> [ASSIGNED TASK]:
Before returning the data, strip out the pictures and keep everything else exactly the same.

> [DATA]:
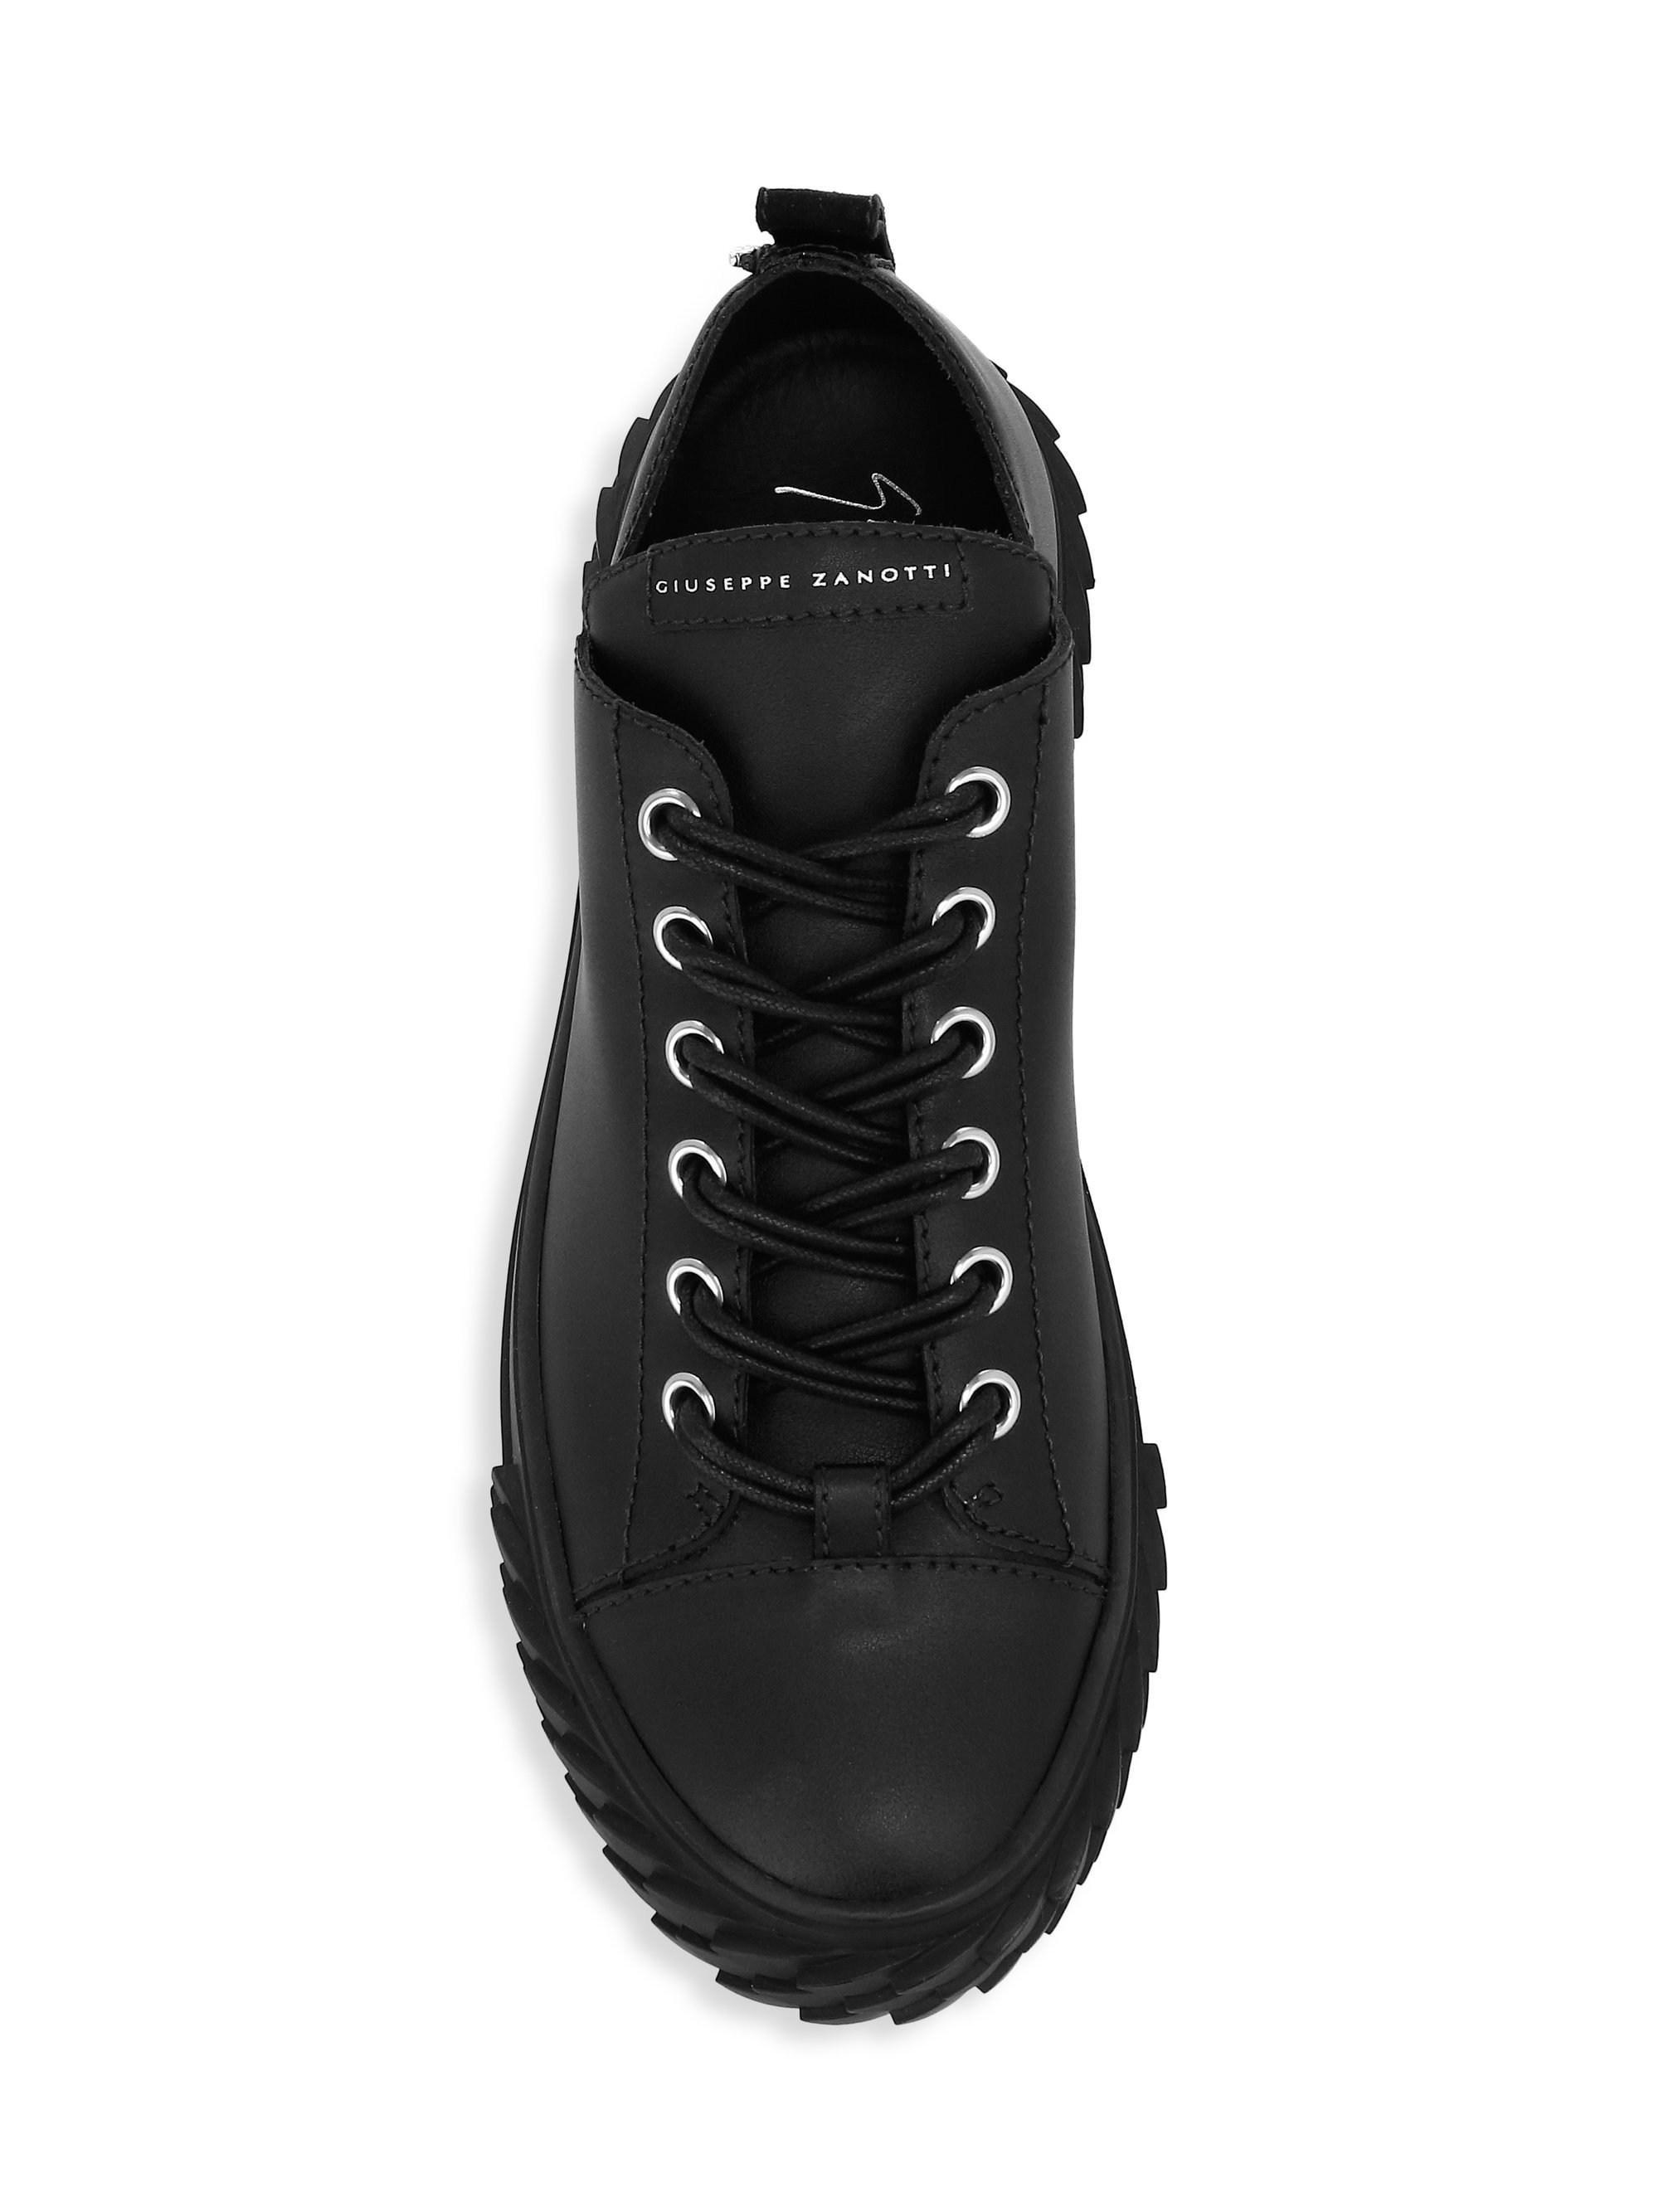 61dced9c77082 Giuseppe Zanotti Men's Moxie Leather Low-top Sneakers - Nero - Size ...
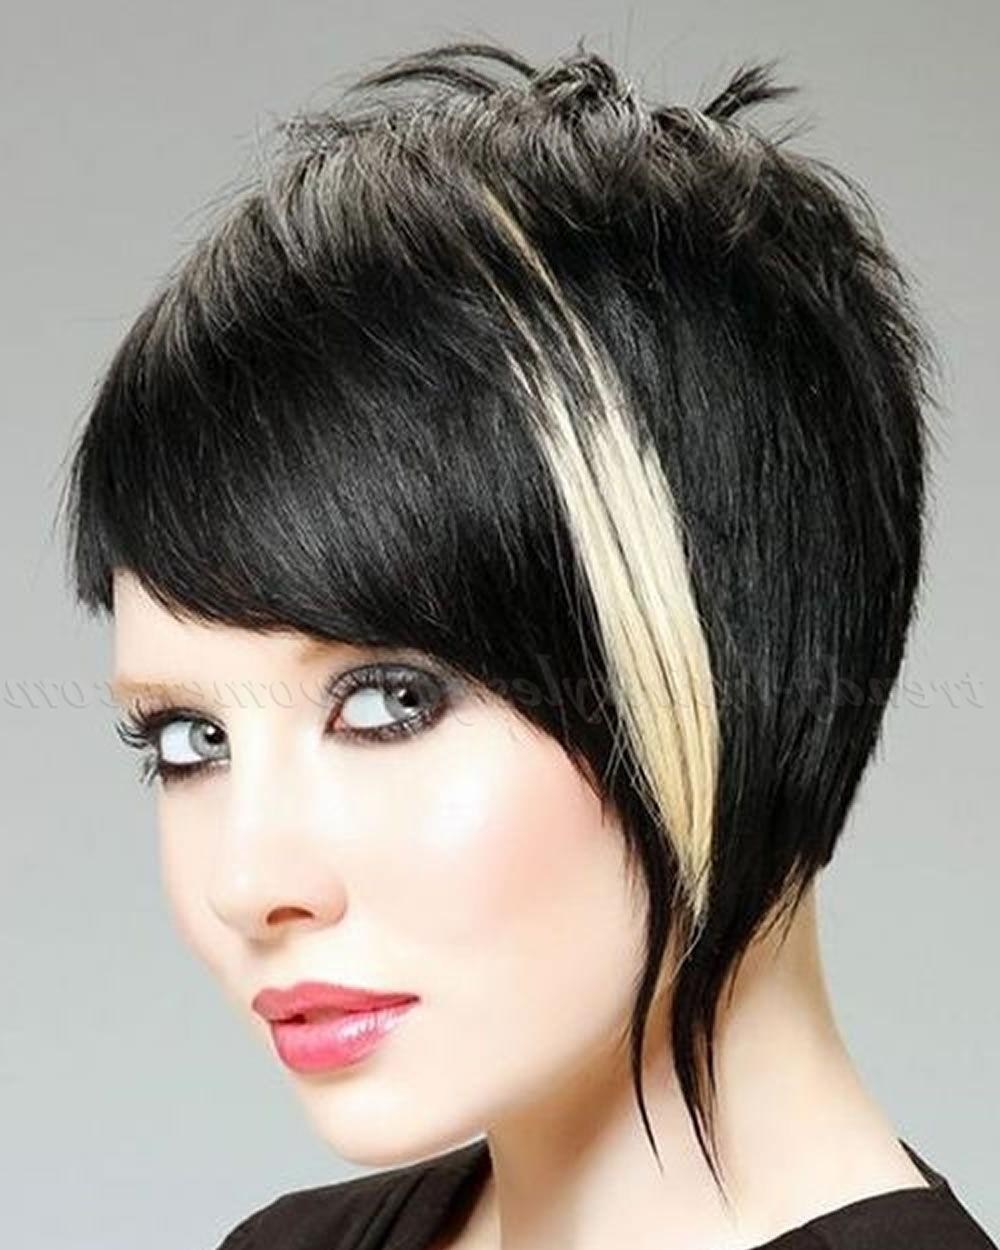 Asymmetric Short Hair 2019 – 33 Haute Short Hairstyles & Haircuts Throughout Asymmetric Short Haircuts (Gallery 5 of 25)
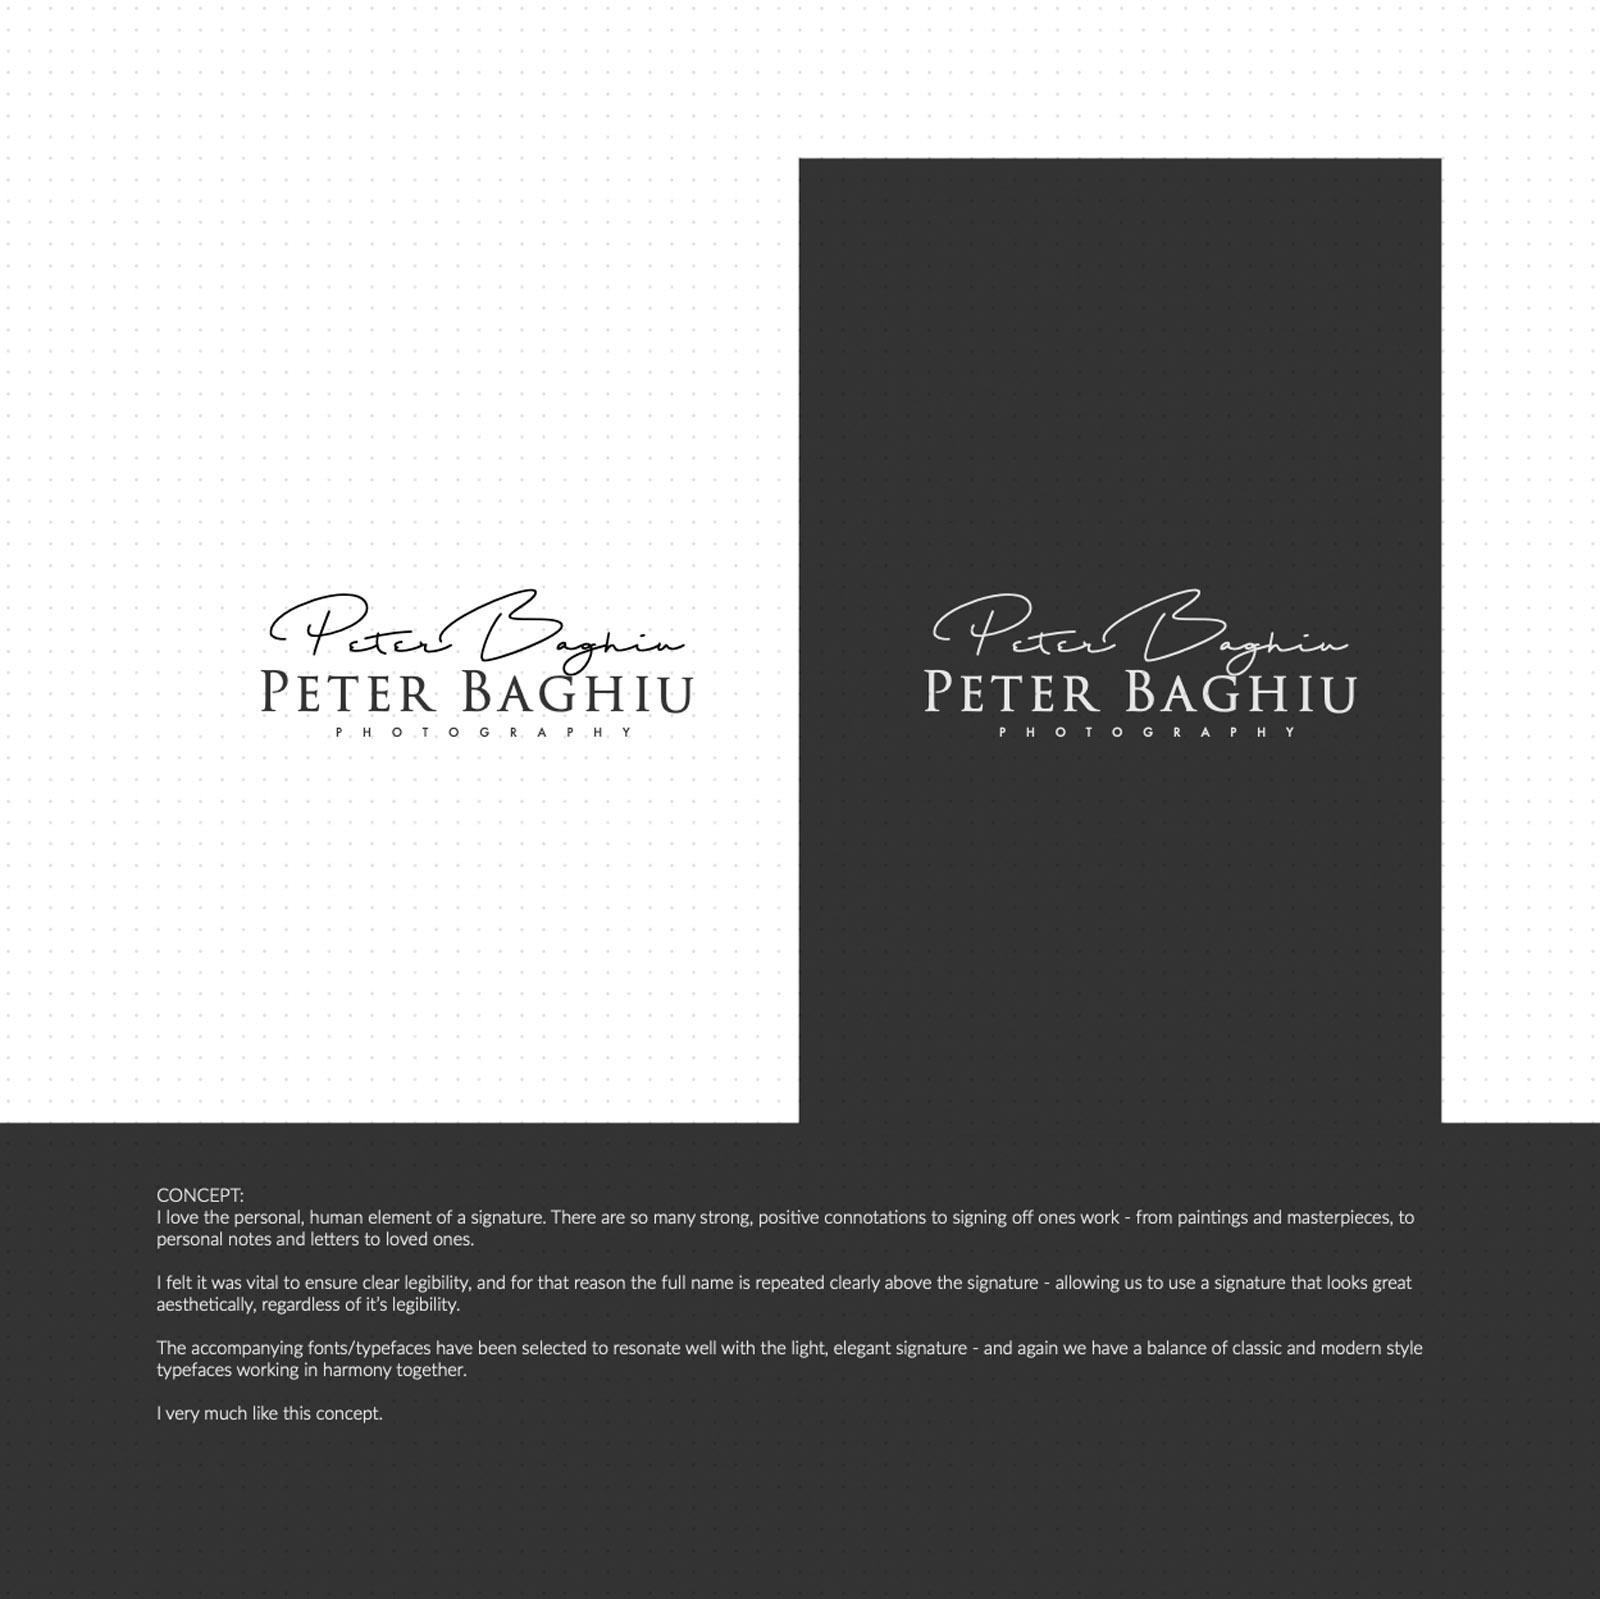 wedding-photographer-logo-design-02

> [ANSWER BOX]:
 61dced9c77082 Giuseppe Zanotti Men's Moxie Leather Low-top Sneakers - Nero - Size ...
 Asymmetric Short Hair 2019 – 33 Haute Short Hairstyles & Haircuts Throughout Asymmetric Short Haircuts (Gallery 5 of 25)
 wedding-photographer-logo-design-02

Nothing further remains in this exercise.